Today marks the 40th anniversary of the first day of racing in the pool at the 1980 Olympic Games in Moscow but not all medal hopes, such as Canada’s Cheryl Gibson, made it: a boycott led by United States President Jimmy Carter in the wake of a Soviet invasion of Afghanistan in December 1979, spread to other nations, including American’s northerly neighbour. This week, Swimming World is looking back at the events of 1980 and their impact on those who missed out and what the Moscow Games meant for those who made it, even, in some cases, when their Governments did not endorse their participation but their nations did.

Our coverage so far:

In COVID-19 Season 2020, many swimmers around the world are having to adapt to a sports calendar redrawn by the pandemic, forcing goals to be reset and preparations to be adjusted. The sinking feeling caused by postponement and cancellation is nothing new to the swimmer: go back 40 years and we find Edmonton’s Cheryl Gibson and Canadian teammates among those who had worked for four years and more to live an Olympic dream only to find it taken from them by events beyond their control.

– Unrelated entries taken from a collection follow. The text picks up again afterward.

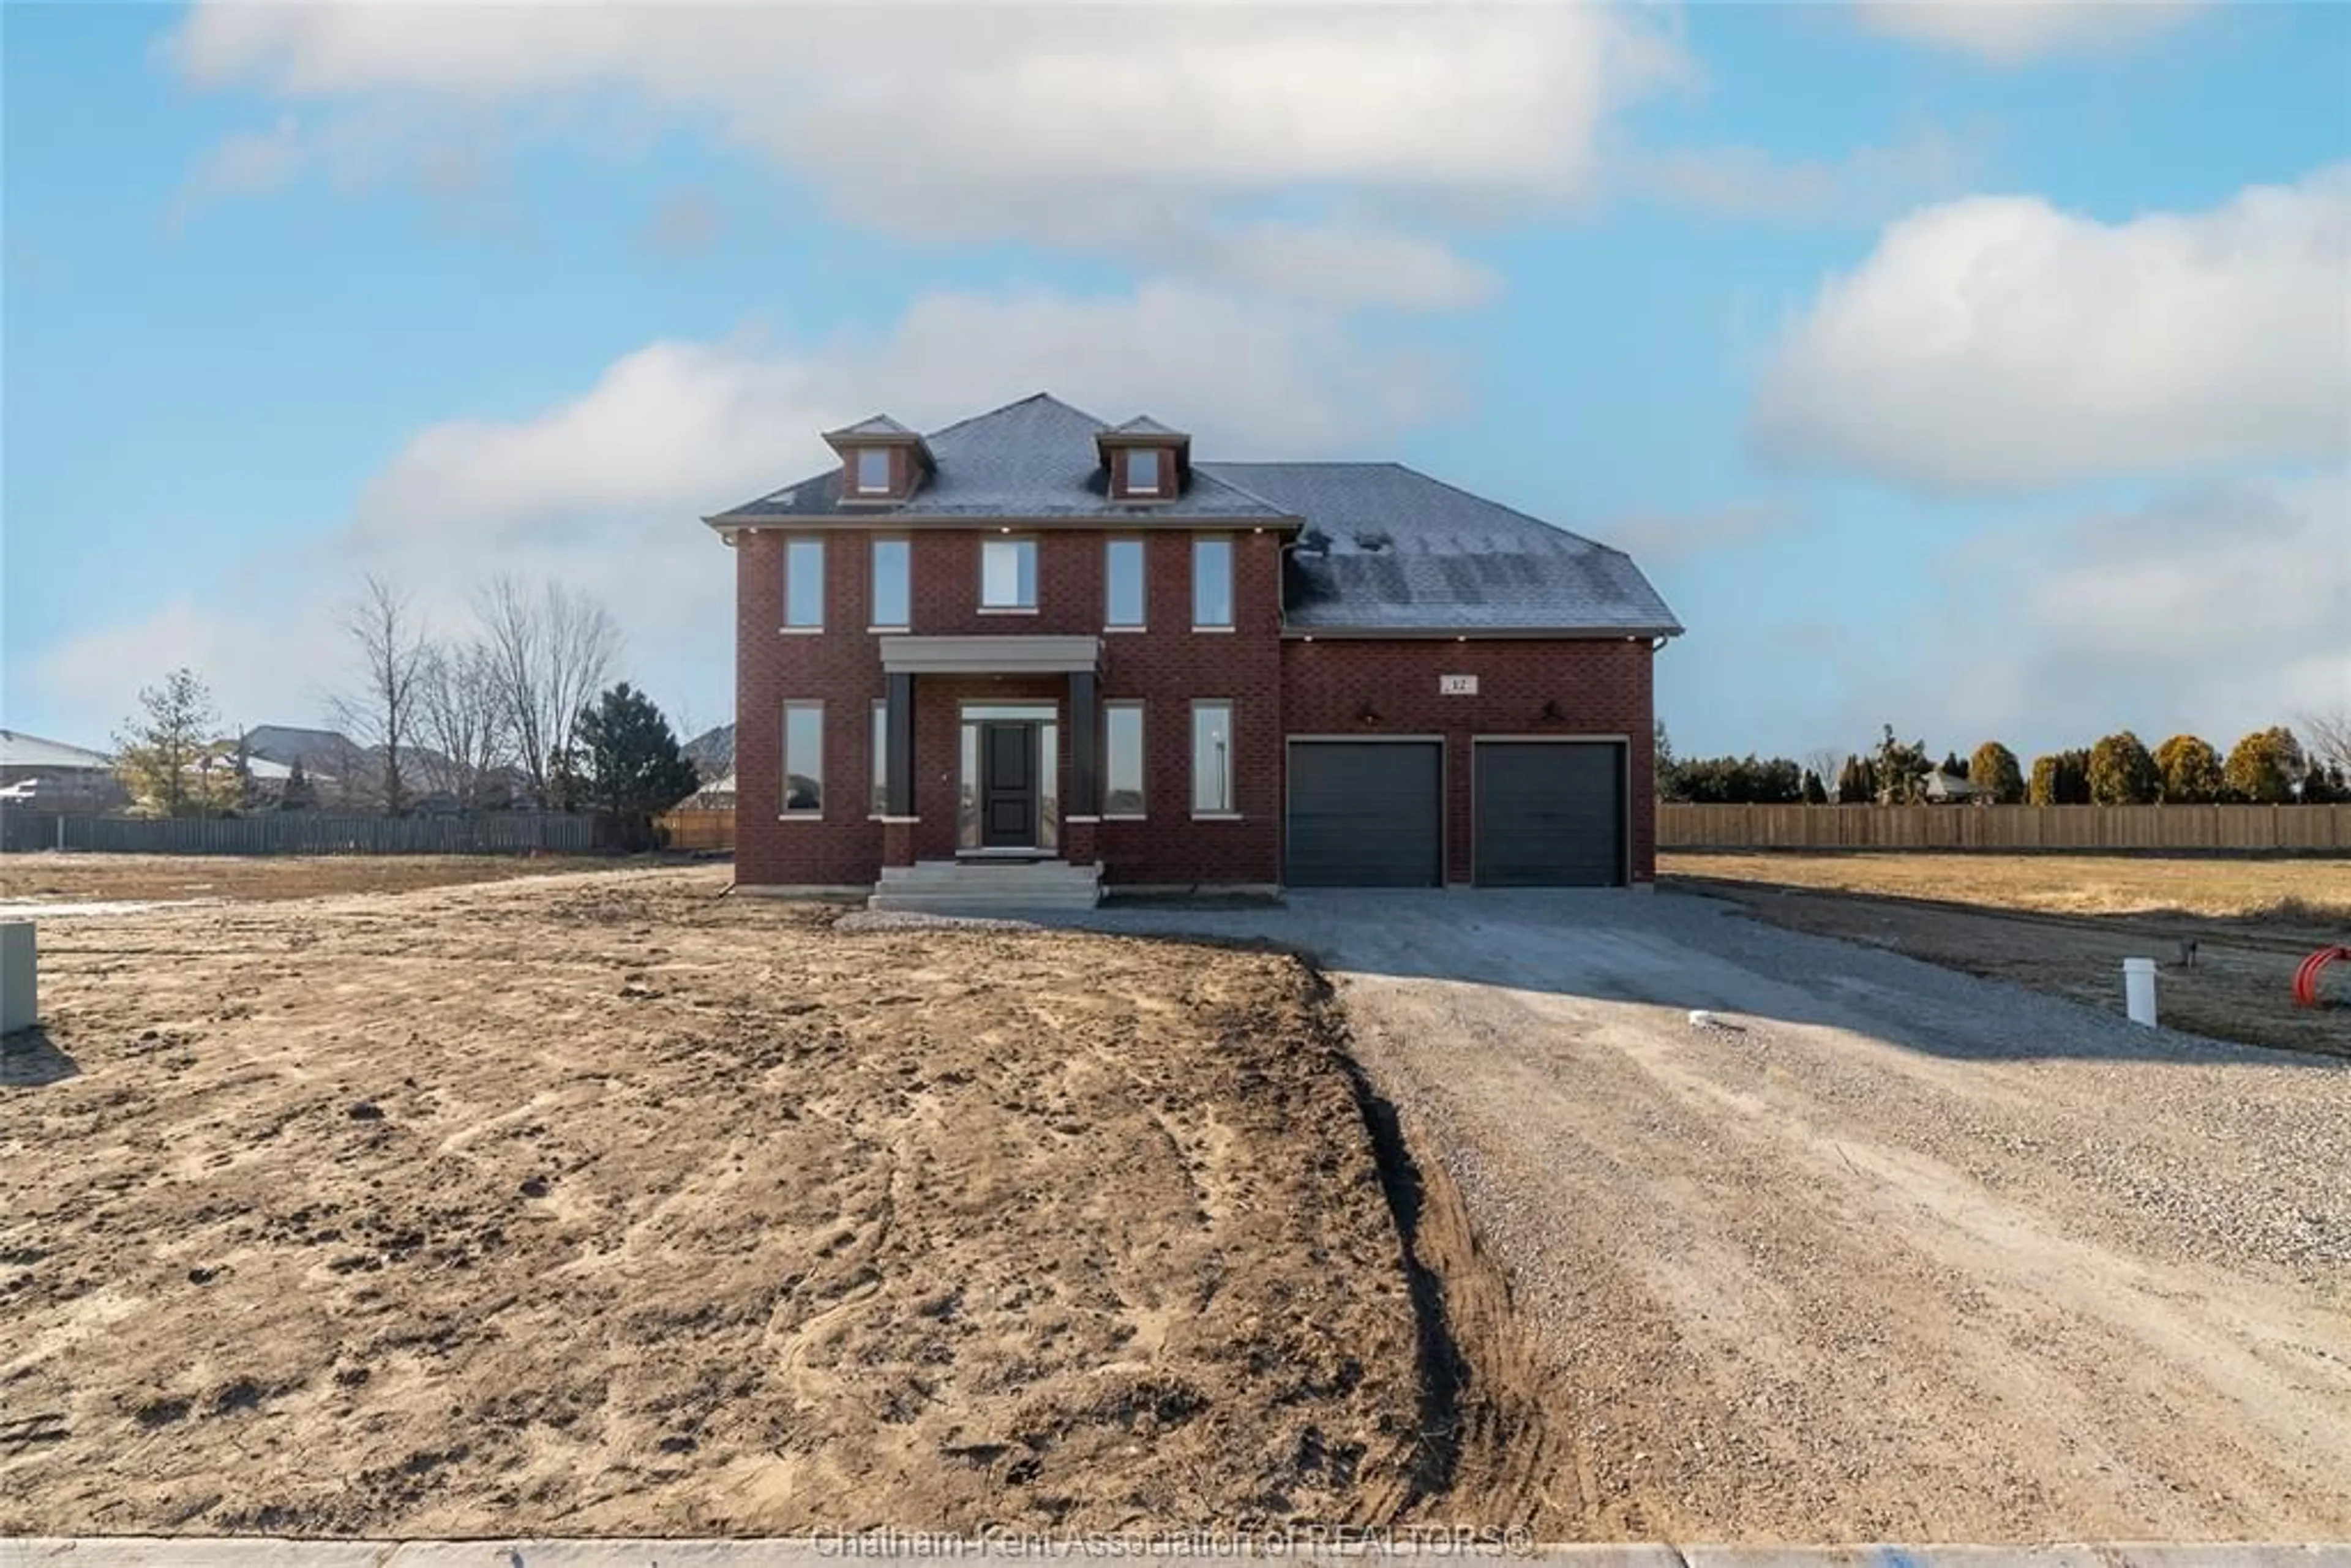 Home with brick exterior material for Lot 4 Bloomington Way, Chatham Ontario N7L 0H1
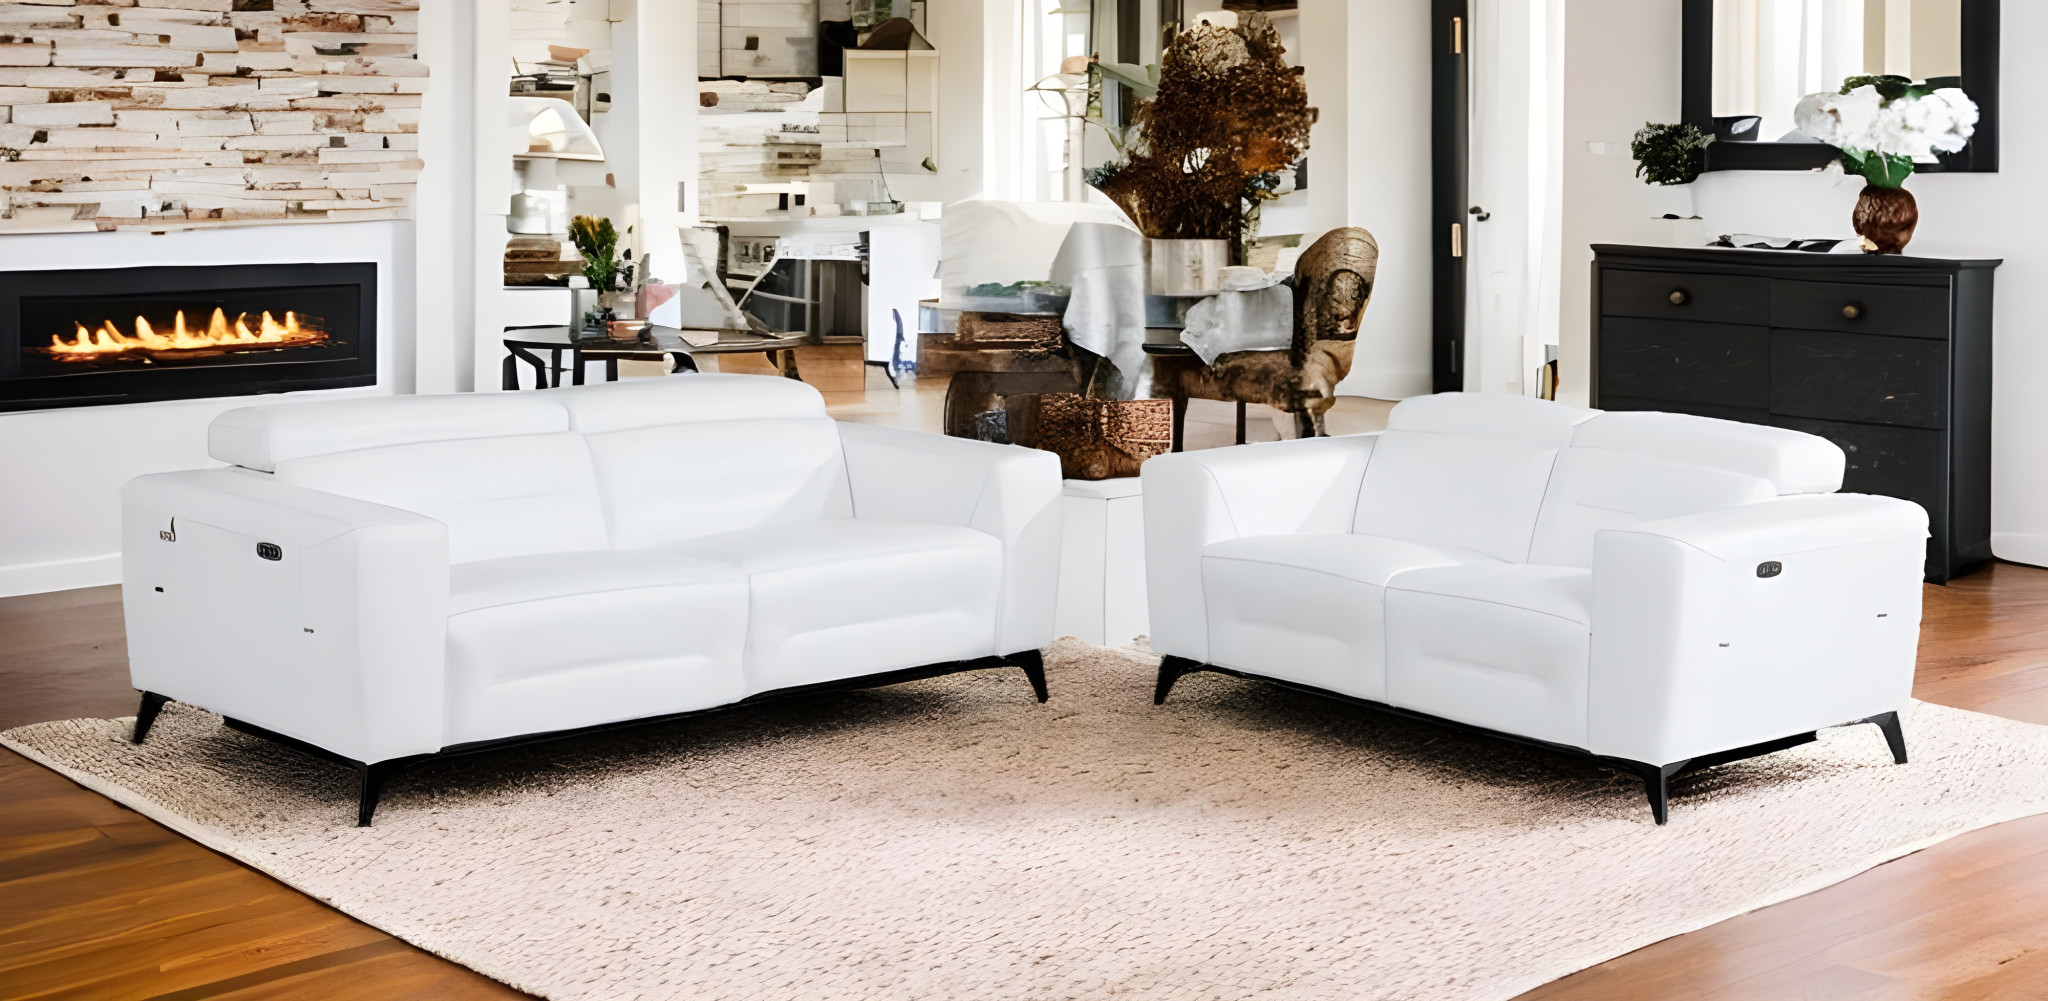 Two Piece Indoor White Italian Leather Five Person Seating Set-480885-1
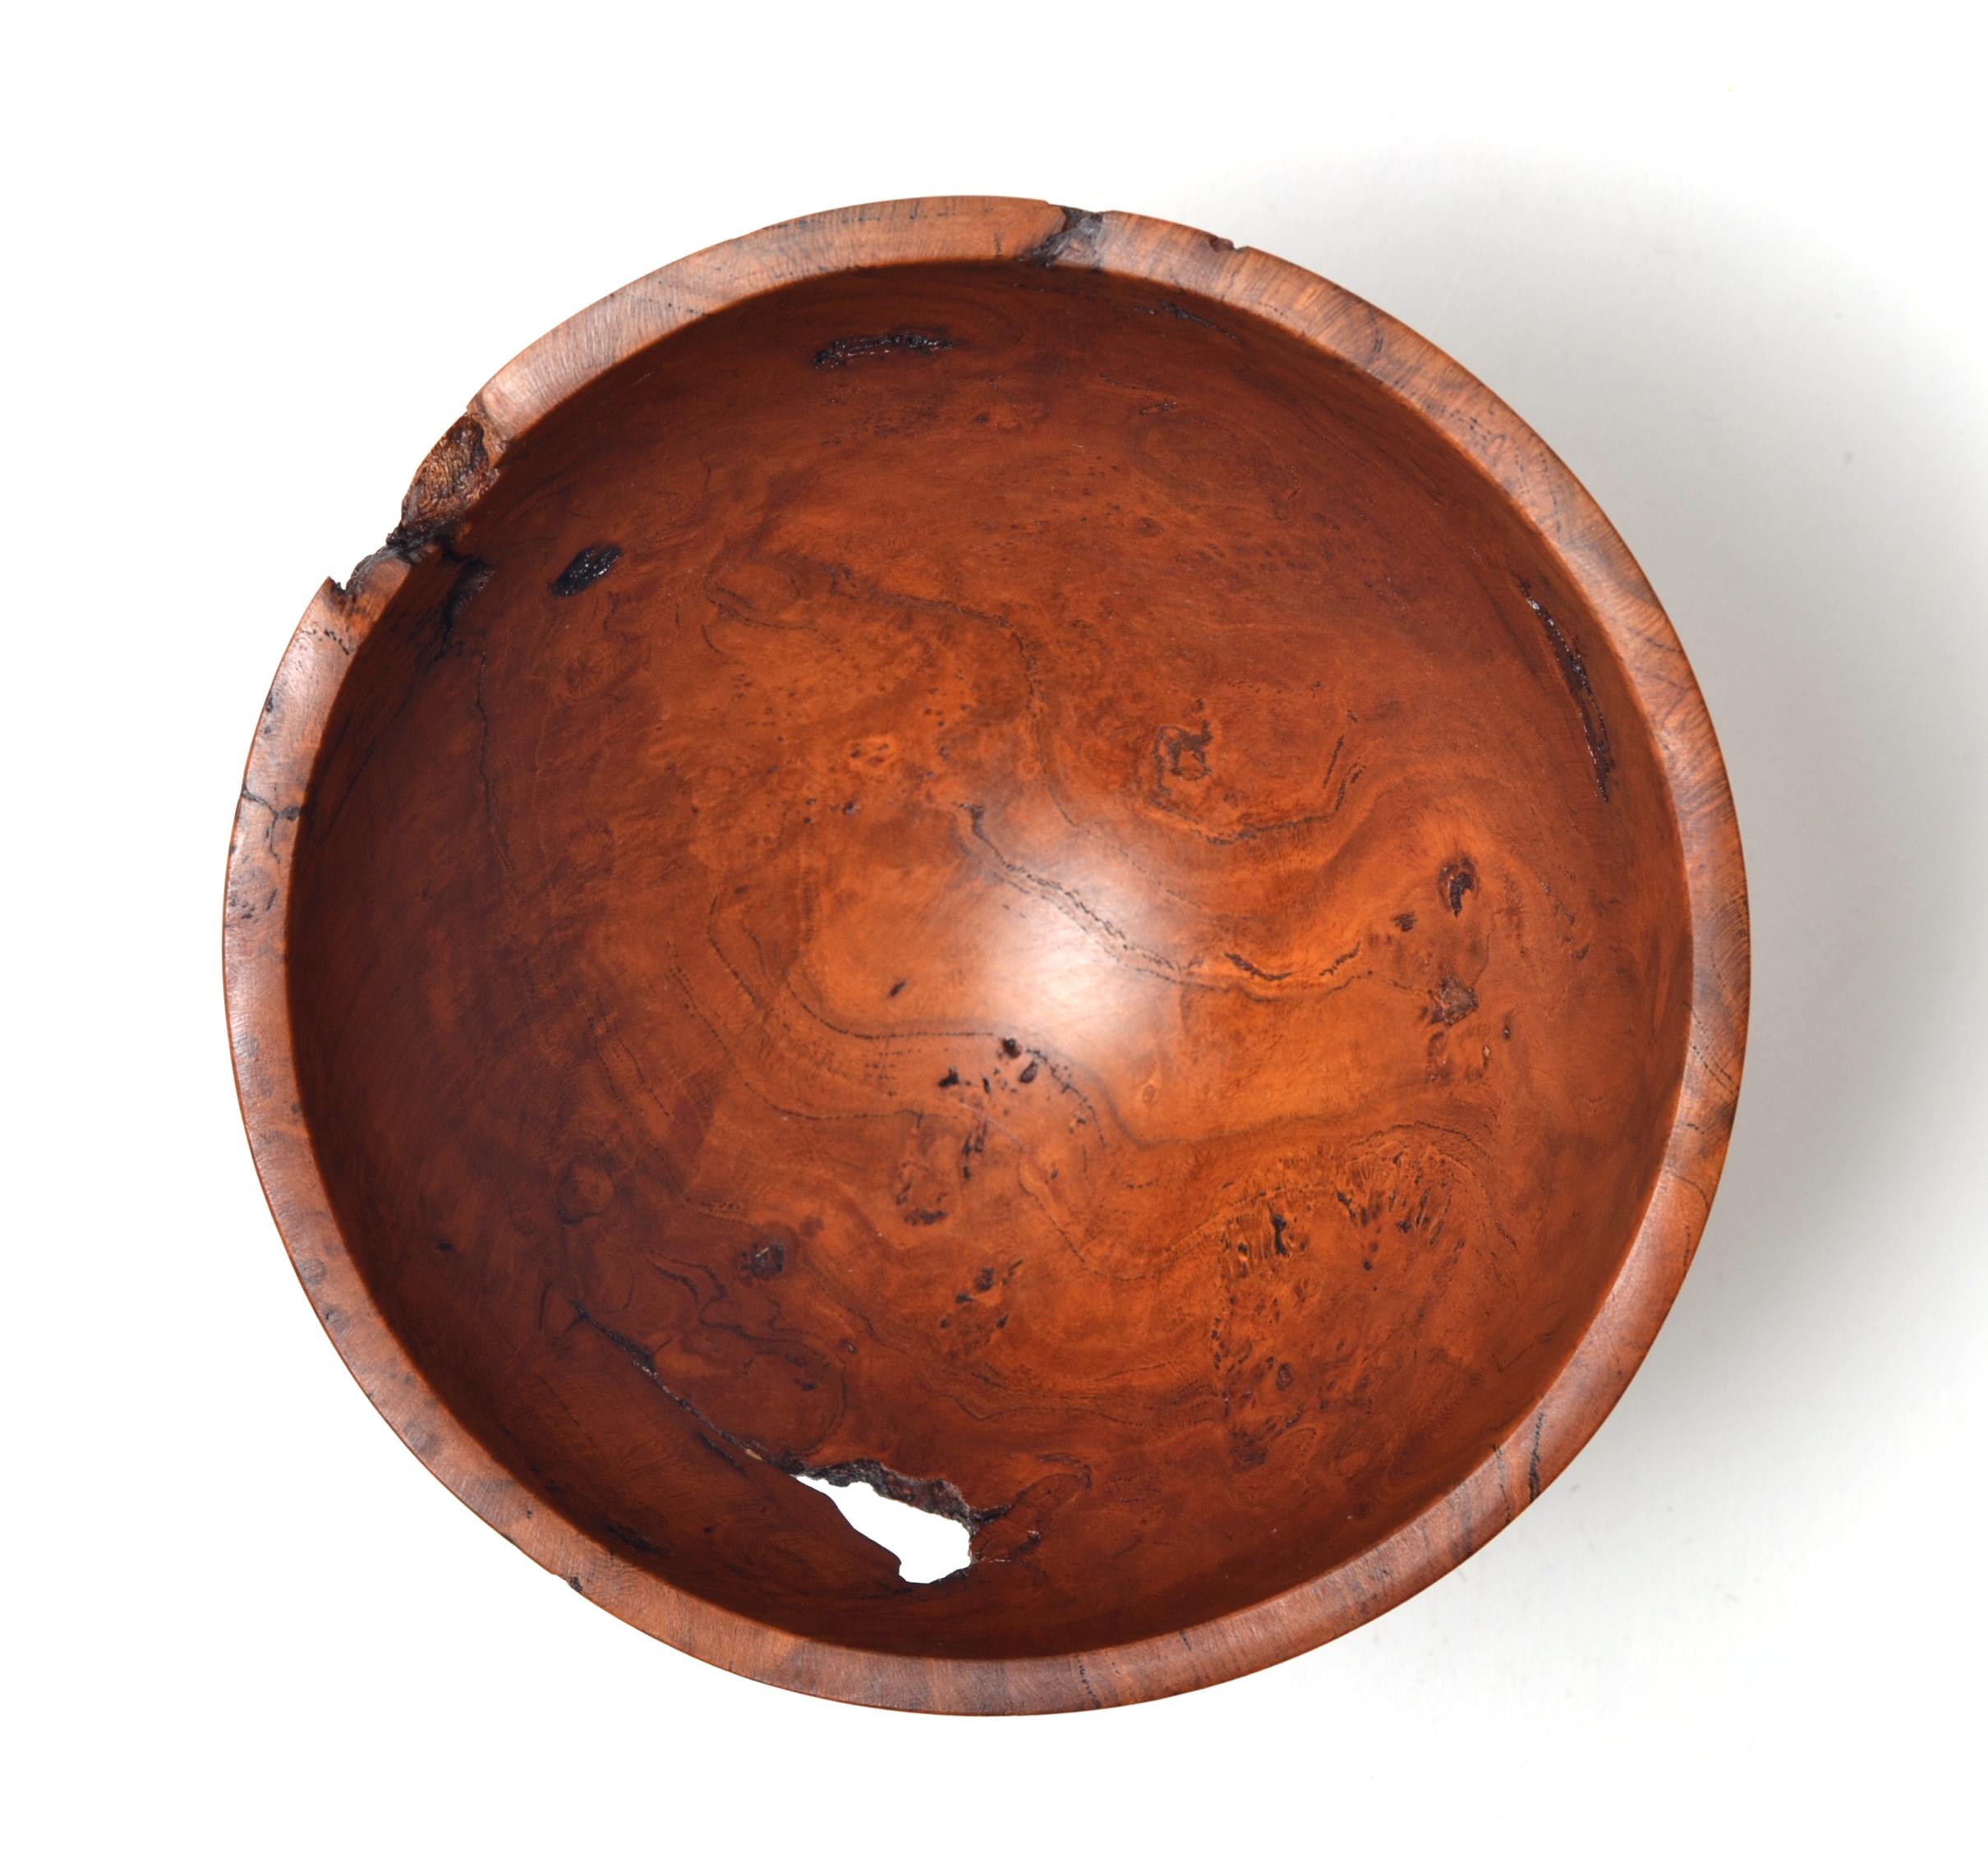 Contemporary Decorative Wooden Bowl by Dustin Coates For Sale

Gibson has more reason than most to feel robbed by her Olympic experience. In 1976, she raced at a home Games in Montreal. The official historic record shows – and probably always will unless athletes step up to make a change – that Gibson took silver in the 400m medley at Montreal 1976. What that record does not reflect is that she would, most likely, have been Olympic champion of the long medley and one of three Canadians who may have celebrated a home-Games sweep in the 100m backstroke with Nancy Garapick and Wendy Cook had it not been for systematic doping of teenage girls in the German Democratic Republic (GDR).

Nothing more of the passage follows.